• Assignment: With the pictures left aside, write out exactly the lines of the listing below from the line with "UI of gift planner" to the line with "Damai service hospital melawati", both included, and only those.

• Source data:

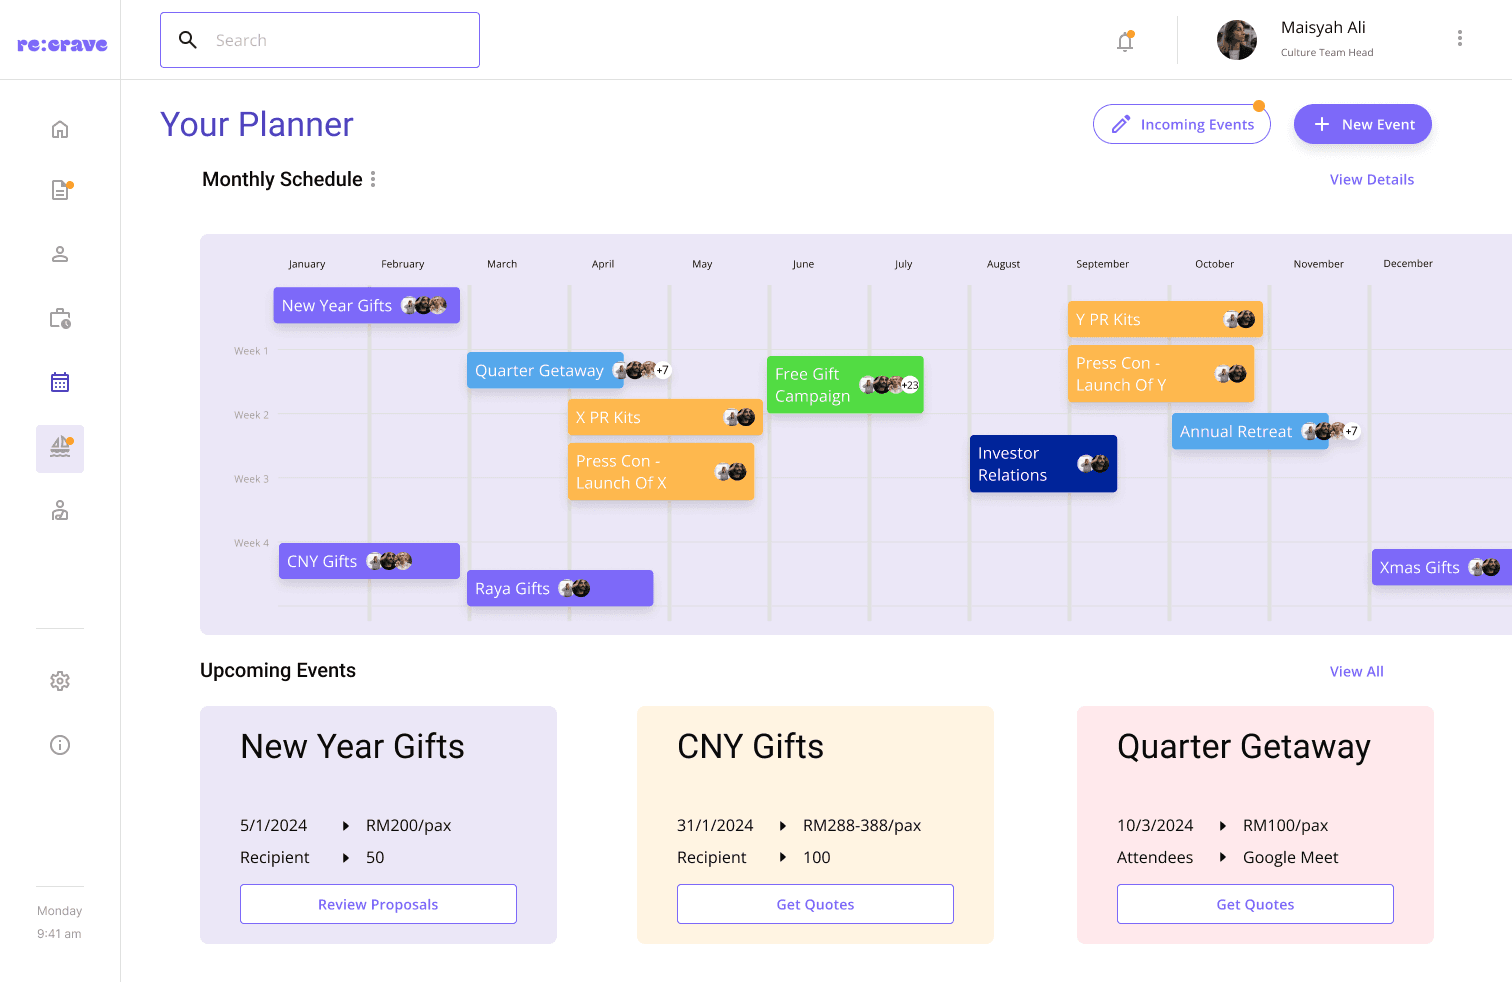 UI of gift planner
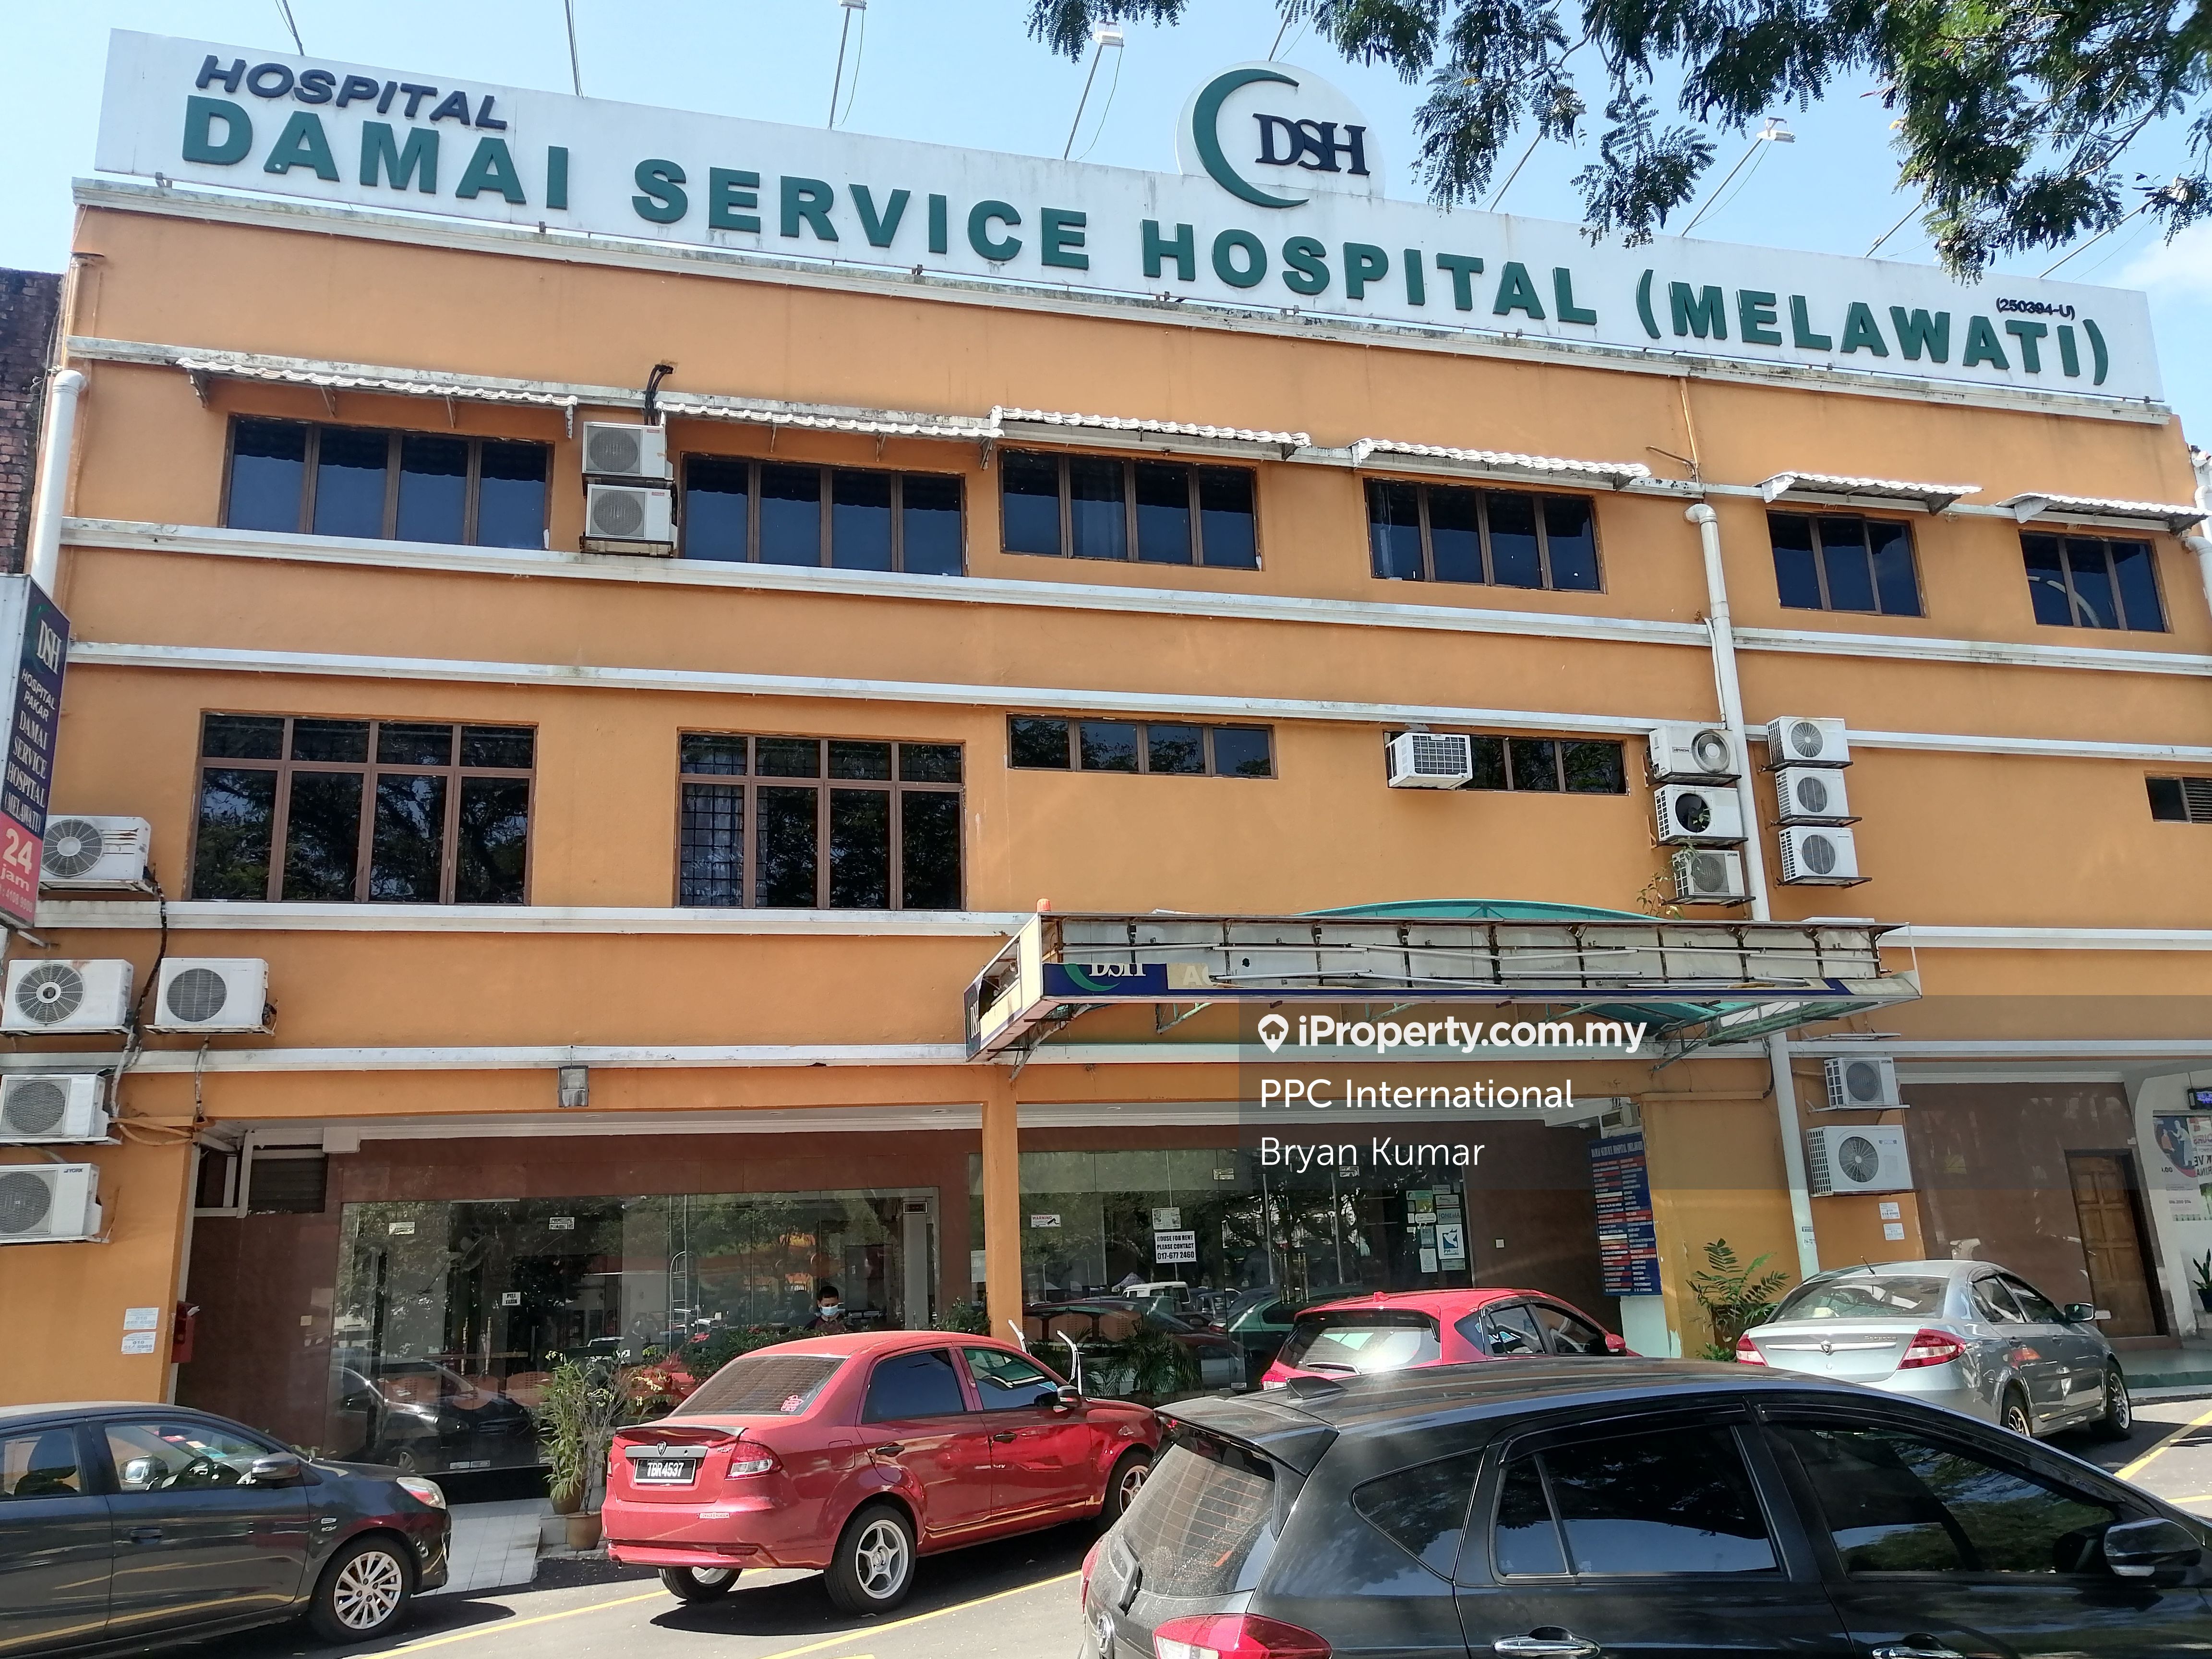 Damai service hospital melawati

...

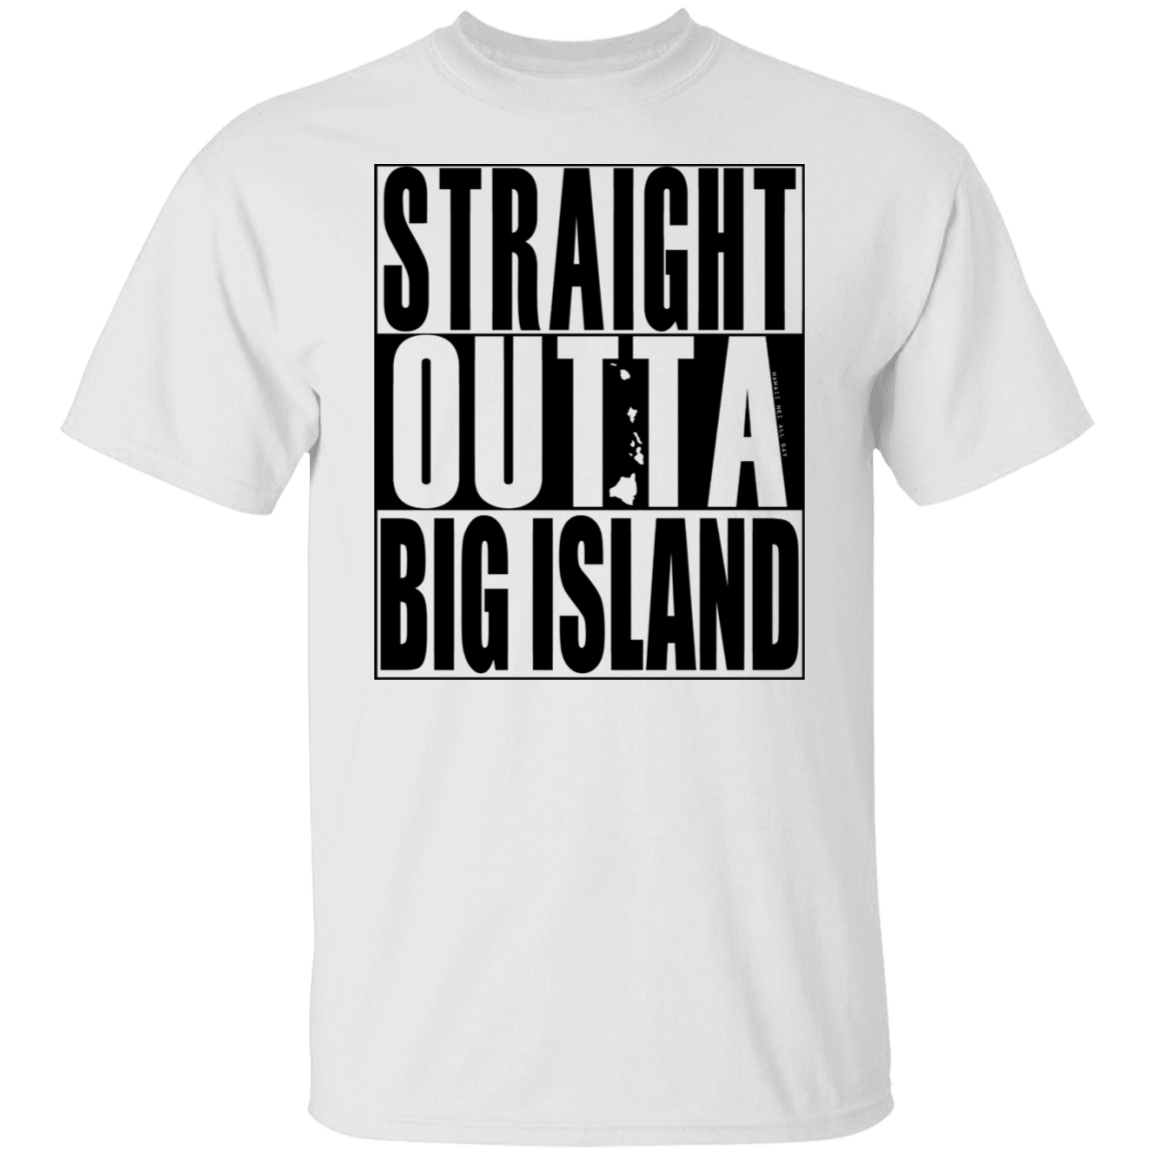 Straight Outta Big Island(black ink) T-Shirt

• Worked solution:
 UI of gift planner
 Damai service hospital melawati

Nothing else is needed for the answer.